From that table I’ll create custom XX_RPM_WRKSHT_ZONE_DATA table, that will have same number of records as RPM_WORKSHEET_ZONE_DATA, but different number of columns.
While RPM_WORKSHEET_ZONE_DATA has 238 columns, our custom table XX_RPM_WRKSHT_ZONE_DATA will have only 8 columns.
create table XX_RPM_WRKSHT_ZONE_DATA
( WORKSHEET_ITEM_DATA_ID,
STATE,
ACTION_FLAG,
WORKSHEET_STATUS_ID,
ZONE_ID,
DEPT,
CLASS,
SUBCLASS
)
as
select
WORKSHEET_ITEM_DATA_ID,
STATE,
ACTION_FLAG,
WORKSHEET_STATUS_ID,
ZONE_ID,
DEPT,
CLASS,
SUBCLASS
from RPM_WORKSHEET_ZONE_DATA;
1.
In the first test, I’ll show difference when updating width (238 columns) vanilla RPM_WORKSHEET_ZONE_DATA table comparing with same update against custom, narrow (8 columns only) XX_RPM_WRKSHT_ZONE_DATA table that have the same number of records as vanilla RPM table.
update RPM_WORKSHEET_ZONE_DATA set action_flag = 4 , state =1 where dept =999;
610792 rows updated.
Elapsed: 00:01:16.73
Executing the same DML on custom table:
update xx_rpm_wrksht_zone_data set action_flag = 4 , state =1 where dept =999;
610792 rows updated.
Elapsed: 00:00:08.59
From results it’s visible that we updated exactly the same number of records (610.792 records in both cases).
But if you look at the time needed for UPDATE to complete, in the first case Oracle needs 1 minute and 16 seconds, while in case of our custom, narrow (8 columns width) table, the same task completes in a little less than 9 seconds.
That is almost 9x difference.
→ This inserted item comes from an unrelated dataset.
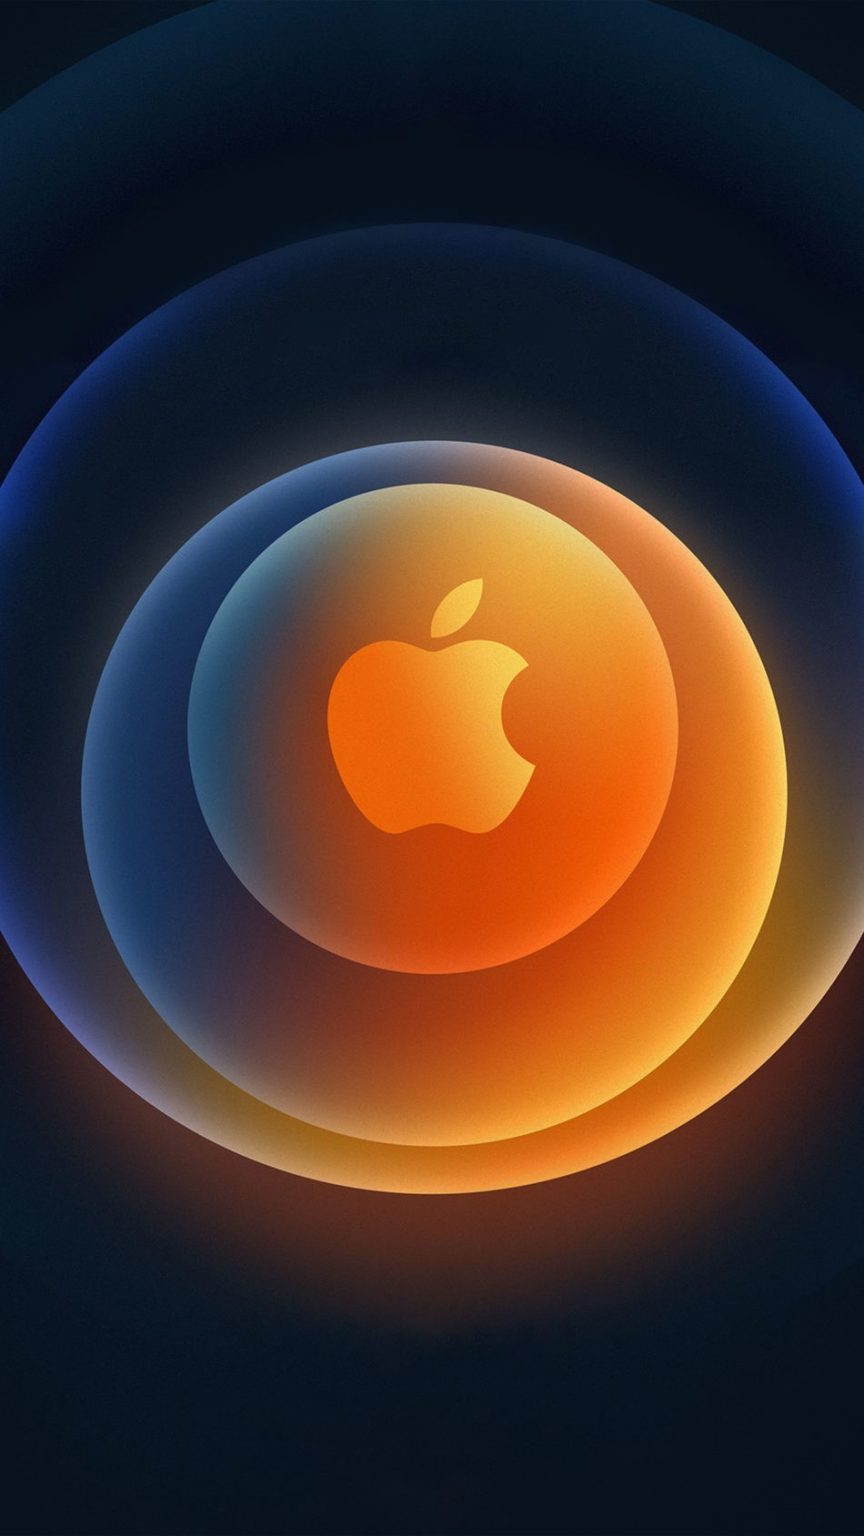 Apple iPhone 12 Logo 4K Ultra HD Wallpaper Wallpaper Download - High

If I repeat the same test, difference will jump to almost 11x.
2.
Next test will confront the same two tables from previous example, but this time I’ll execute ordinary SELECT statement.
First test is against vanilla table.
select /*+ full(a) */ * from RPM_WORKSHEET_ZONE_DATA a where dept = 999;
610792 rows selected.
Elapsed: 00:01:56.00
Statistics
----------------------------------------------------------
1 recursive calls
0 db block gets
539350 consistent gets
539333 physical reads
0 redo size
142799428 bytes sent via SQL*Net to client
448429 bytes received via SQL*Net from client
40721 SQL*Net roundtrips to/from client
0 sorts (memory)
0 sorts (disk)
610792 rows processed
I’m repeating the same test with custom table with only 8 columns.
select /*+ full(a) */ * from xx_rpm_wrksht_zone_data a where dept = 999;
610792 rows selected.
Elapsed: 00:00:08.12
Statistics
----------------------------------------------------------
1 recursive calls
0 db block gets
67490 consistent gets
0 physical reads
0 redo size
15851696 bytes sent via SQL*Net to client
448429 bytes received via SQL*Net from client
40721 SQL*Net roundtrips to/from client
0 sorts (memory)
0 sorts (disk)
610792 rows processed
Again, we are selecting the same number of records in both case (like in the previous UPDATE example).
Time elapsed in the first case is almost two minutes (1 minute 56 seconds).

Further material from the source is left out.